Obama's comments surfaced on the eve of a Canadian appearance by his rival, presumptive Republican nominee John McCain, who is expected to use an Ottawa speech today to highlight the Democrat's threat to reopen the deal.
Obama dialled back his anti-NAFTA stance in an interview with Fortune the same day he said he received a congratulatory phone call from Prime Minister Stephen Harper on winning enough convention delegates to get the Democratic presidential nomination.
"I'm not a big believer in doing things unilaterally," Obama said in the Fortune interview. "I'm a big believer in opening up a dialogue and figuring out how we can make this work for all people.''
His campaign denied he said anything in the interview that changed his core position on trade, pointing to earlier statements in which he promised to talk to Harper and Mexican President Felipe Calderon about improving NAFTA's labour and environmental standards.
At a debate in Cleveland in the final days of the Ohio primary campaign in March, Obama agreed with Democratic rival Hillary Clinton when she said the six-month opt-out clause should be invoked on NAFTA to force changes.
"I think we should use the hammer of a potential opt-out as leverage to ensure that we actually get labour and environmental standards that are enforced," he said.

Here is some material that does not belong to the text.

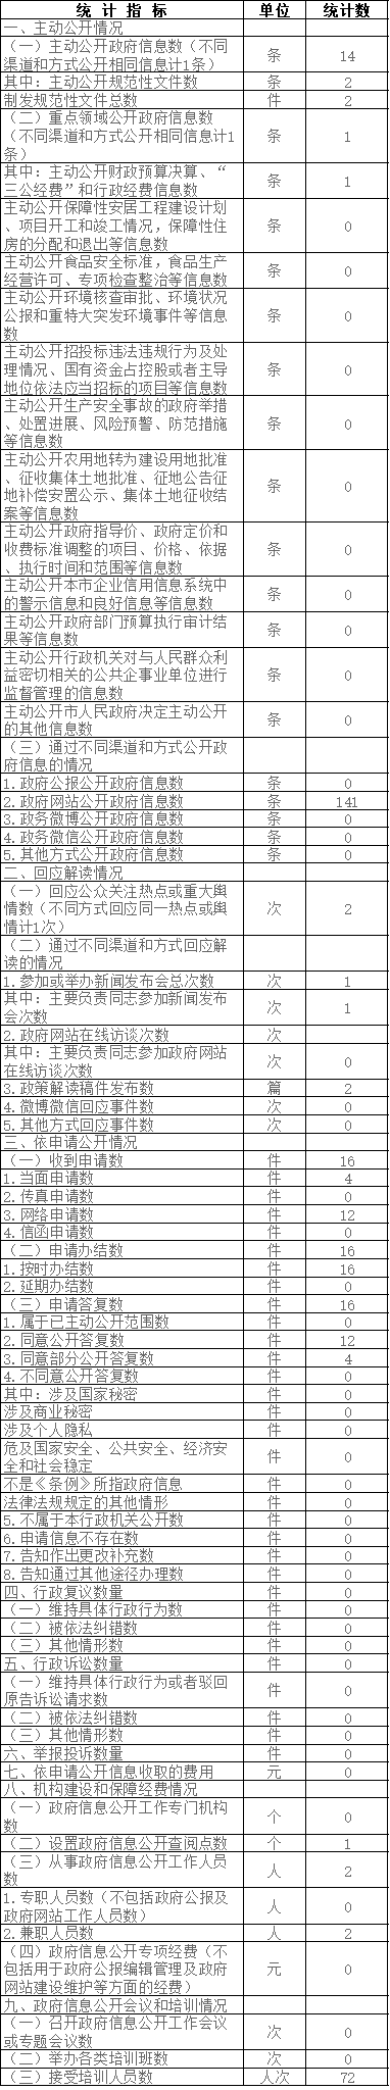 北京住房公积金管理中心政府信息公开情况统计表(2017年度)

But every time Obama alters his statements on NAFTA, he lends credence to a Feb. 8 memo describing a meeting between his economic adviser, Austan Goolsbee, and George Rioux, Ottawa's consul-general in Chicago.
The Canadian memo, which was leaked to The Associated Press, said Goolsbee told Rioux that Obama's campaign remarks about NAFTA should be viewed as more about political positioning than a clear articulation of policy.
In a more complete Fortune transcript, obtained by the online Huffington Post, Obama says: "My core position has never changed.
"I've always been a proponent of free trade and I've always been a believer that we have to have strong environmental provisions and strong labour provisions in our trade agreements."